Impact on Dioctyl Sebacate Plasticizer

One of the products derived from sebacic acid that was heavily affected by the force majeure is the widely used plasticizer, DOS. DOS, an odorless and colorless liquid with low viscosity, is generated by reacting sebacic acid with 2-ethyl hexanol. DOS is food contact compliant according to FDA CFR 21. It has become an industry standard as a low-temperature plasticizer for PVC coatings due to its low volatility and good weathering properties.

However, because of these supply challenges, the PVC industry is in need of a technically equivalent plasticizer to DOS from a secure supply chain. The alternative should also be FDA food contact compliant and at least partially biobased to meet market needs.


Readily Available Azelaic Acid Alternative

Azelaic acid, also known as nonanedioic acid, is a viable substitute for sebacic acid as it differs only slightly in chemical structure. Emery Oleochemicals was the pioneer in the commercial development of azelaic acid over 60 years ago.2 Emery’s integrated manufacturing processes and readily available feedstock of azelaic acid through its proprietary ozonolysis process ensures a secure supply to the market.

Starting from natural oils and fats, the company produces oleic acid, among other oleochemicals. This oleic acid is then fed into Emery’s proprietary ozonolysis process, which cleaves the oleic acid with ozone based on natural oxygen. The cleaved products are azelaic acid and pelargonic acid, which are then further purified.


A New Alternative

A new alternative to DOS, EDENOL DOZ is di(2-ethyl hexyl), or dioctyl azelate, which provides the following benefits:

  • food contact compliance according to FDA CFR 21;
  • partially biobased material, with azelaic acid derived from natural sources;
  • same, or very similar, application characteristics in PVC compared to DOS, which is outlined later in this article; and
  • security of supply: the production process is back-integrated, beginning with conversion of natural fats and oils feedstock into oleic acid, production of azelaic acid by ozonolysis, and finally, synthesis of the ester EDENOL DOZ.


Comparison of EDENOL DOZ and DOS

As azelaic acid is a close homologue of sebacic acid, the respective esters are very similar in their product properties. As shown in Table 1, viscosity and specific gravity are the same. Thus, when switching from DOS to EDENOL DOZ, little to nothing needs to be changed in the dosing system.

Since the chemical structure and physicochemical properties of EDENOL DOZ and DOS are very similar, the behavior of both plasticizers in a PVC formulation was compared. A basic PVC formulation was used: a CaZn-stabilized PVC with epoxidized soy bean oil as co-stabilizer and the plasticizers, EDENOL DOZ or DOS, at two respective dosage levels of 40 or 70 phr (Table 2).

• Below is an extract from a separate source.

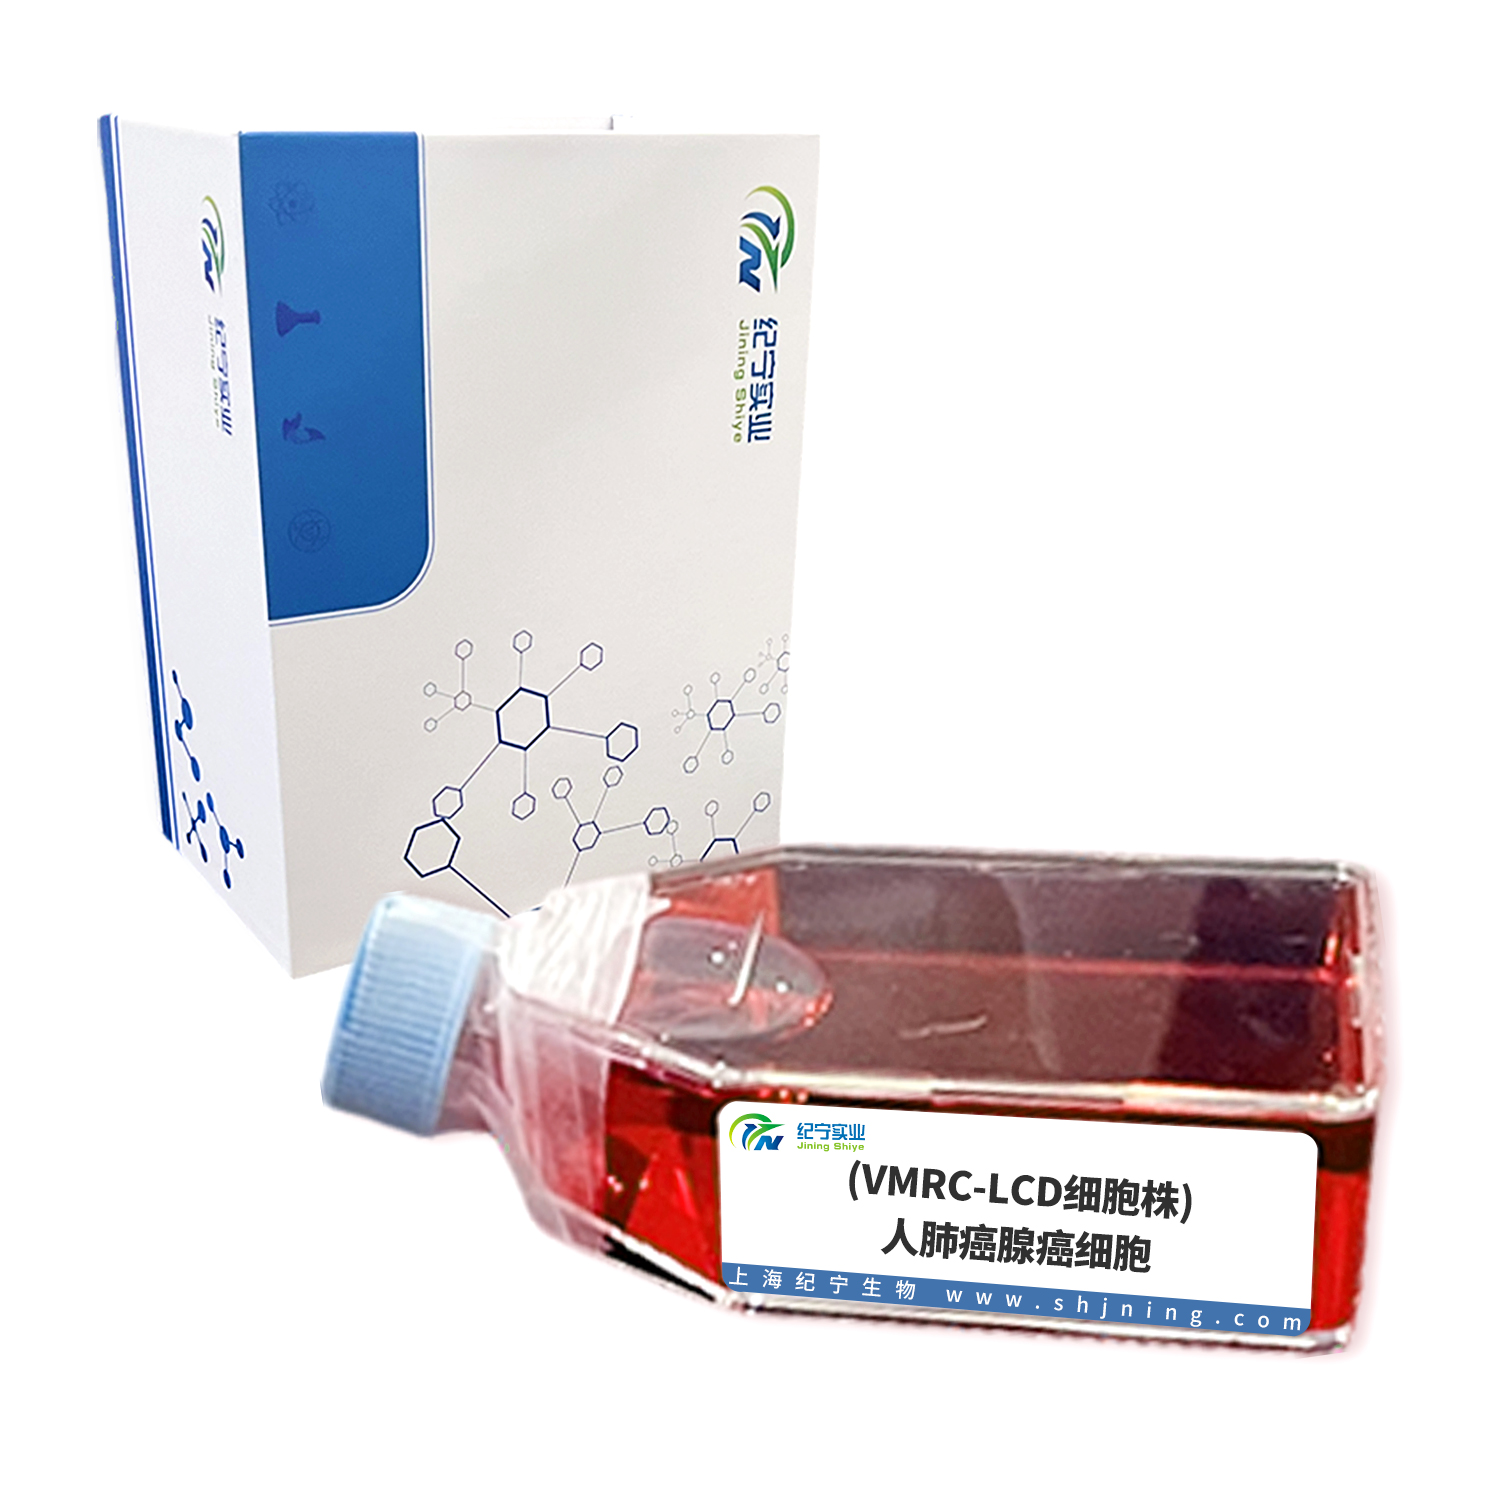 (VMRC-LCD细胞株)人肺癌腺癌细胞

Comparing EDENOL DOZ and DOS, one can recognize the deviations are quite small and often within, or close to, the tolerances of the respective measurement. The Shore hardness tends to be slightly lower with EDENOL DOZ compared to DOS; therefore, the plasticizer dosage in this formulation could have been reduced when switching from DOS to EDENOL DOZ. With the tensile strength at 40 phr dosage being the same for both plasticizers, the difference at the higher dosage is minimal. Breaking tension, elongation at break and the cold flex temperature do not show any significant differences. The extraction resistance to iso-octane shows a small advantage for EDENOL DOZ within the accuracy of the measurement. Although the differences in behavior depend upon the full formulation used, EDENOL DOZ is certainly the closest alternative to DOS that is available in the market.



EDENOL DOZ provides similar properties to DOS in substance as well as incorporated in PVC. Both plasticizers provide food contact compliance according to FDA CFR 21 and both are partially biobased materials. However, while DOS is dependent upon the supply chain of castor oil and sebacic acid, the new plasticizer is based on azelaic acid, which is derived from a reliable and proven process of ozonolysis of oleic acid. Oleic acid is sourced from numerous natural fats and oils, so EDENOL DOZ provides the highest level of safety of supply for the PVC industry, and therefore, it represents a viable and sustainable replacement for DOS.